If we look at the relevant code:

gmsh.initialize()

L = 2.2
H = 0.41
c_x = c_y = 0.2
r = 0.05
gdim = 2
mesh_comm = MPI.COMM_WORLD
model_rank = 0
if mesh_comm.rank == model_rank:
    rectangle = gmsh.model.occ.addRectangle(0, 0, 0, L, H, tag=1)
    obstacle = gmsh.model.occ.addDisk(c_x, c_y, 0, r, r)
    fluid = gmsh.model.occ.cut([(gdim, rectangle)], [(gdim, obstacle)])
    gmsh.model.occ.synchronize()
    volumes = gmsh.model.getEntities(dim=gdim)
    assert (len(volumes) == 1)
    gmsh.model.addPhysicalGroup(volumes[0][0], [volumes[0][1]], fluid_marker)
    gmsh.model.setPhysicalName(volumes[0][0], fluid_marker, "Fluid")
inlet_marker, outlet_marker, wall_marker, obstacle_marker = 2, 3, 4, 5
inflow, outflow, walls, obstacle = [], [], [], []
if mesh_comm.rank == model_rank:
    boundaries = gmsh.model.getBoundary(volumes, oriented=False)
    for boundary in boundaries:
        center_of_mass = gmsh.model.occ.getCenterOfMass(boundary[0], boundary[1])
        if np.allclose(center_of_mass, [0, H / 2, 0]):
            inflow.append(boundary[1])
        elif np.allclose(center_of_mass, [L, H / 2, 0]):
            outflow.append(boundary[1])
        elif np.allclose(center_of_mass, [L / 2, H, 0]) or np.allclose(center_of_mass, [L / 2, 0, 0]):
            walls.append(boundary[1])
        else:
            obstacle.append(boundary[1])
    gmsh.model.addPhysicalGroup(1, walls, wall_marker)
    gmsh.model.setPhysicalName(1, wall_marker, "Walls")
    gmsh.model.addPhysicalGroup(1, inflow, inlet_marker)
    gmsh.model.setPhysicalName(1, inlet_marker, "Inlet")
    gmsh.model.addPhysicalGroup(1, outflow, outlet_marker)
    gmsh.model.setPhysicalName(1, outlet_marker, "Outlet")
    gmsh.model.addPhysicalGroup(1, obstacle, obstacle_marker)
    gmsh.model.setPhysicalName(1, obstacle_marker, "Obstacle")
    gmsh.model.mesh.generate(gdim)

This code creates a channel mesh with the relevant markers. This has nothing to do with dolfinx, and is pure Gmsh.

Sure, for example, here

gmsh.model.addPhysicalGroup(volumes[0][0], [volumes[0][1]], fluid_marker)
gmsh.model.setPhysicalName(volumes[0][0], fluid_marker, "Fluid")

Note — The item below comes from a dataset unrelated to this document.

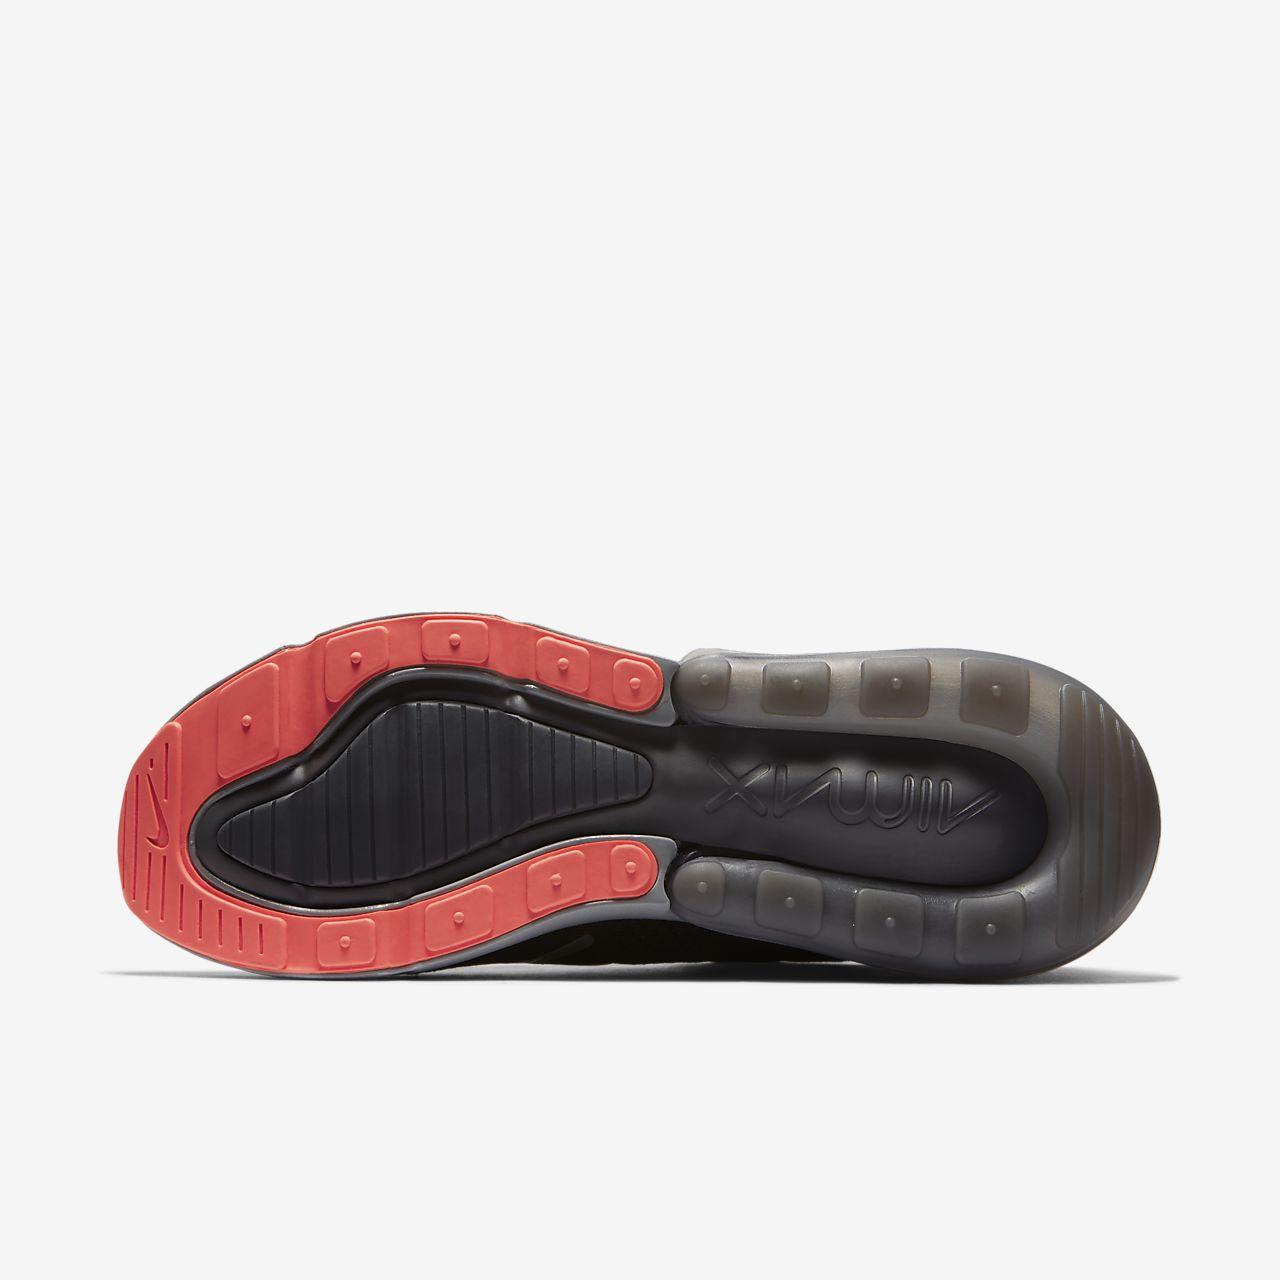 09609104f0f1 Nike Air Max 270 Flyknit Men s Shoe. Nike.com GB

• I don’t know what the addPhysicalGroup does
• I don’t know what volumes is
• I don’t know what the [0][0] entry (?) of volumes is
• … and plenty of other issues, both in these lines and in the other parts of the cited code.

There is only one volume in the mesh. You can verify this by printing volumes when running the code.
What I do is that I add a physical group for the volume/surface that we should mesh, to ensure that it is meshed properly by gmsh.
Each entry in volume is a tuple (dim_of_entity, tag), where one in 2D has (2, tag) for a cell.
Next we want to create a physical group for that tag, which we give the value fluid marker.

is optional to give it a string in the GMSH GUI.

Please note that these are pure gmsh functions, which can easily be looked up in the gmsh documentation.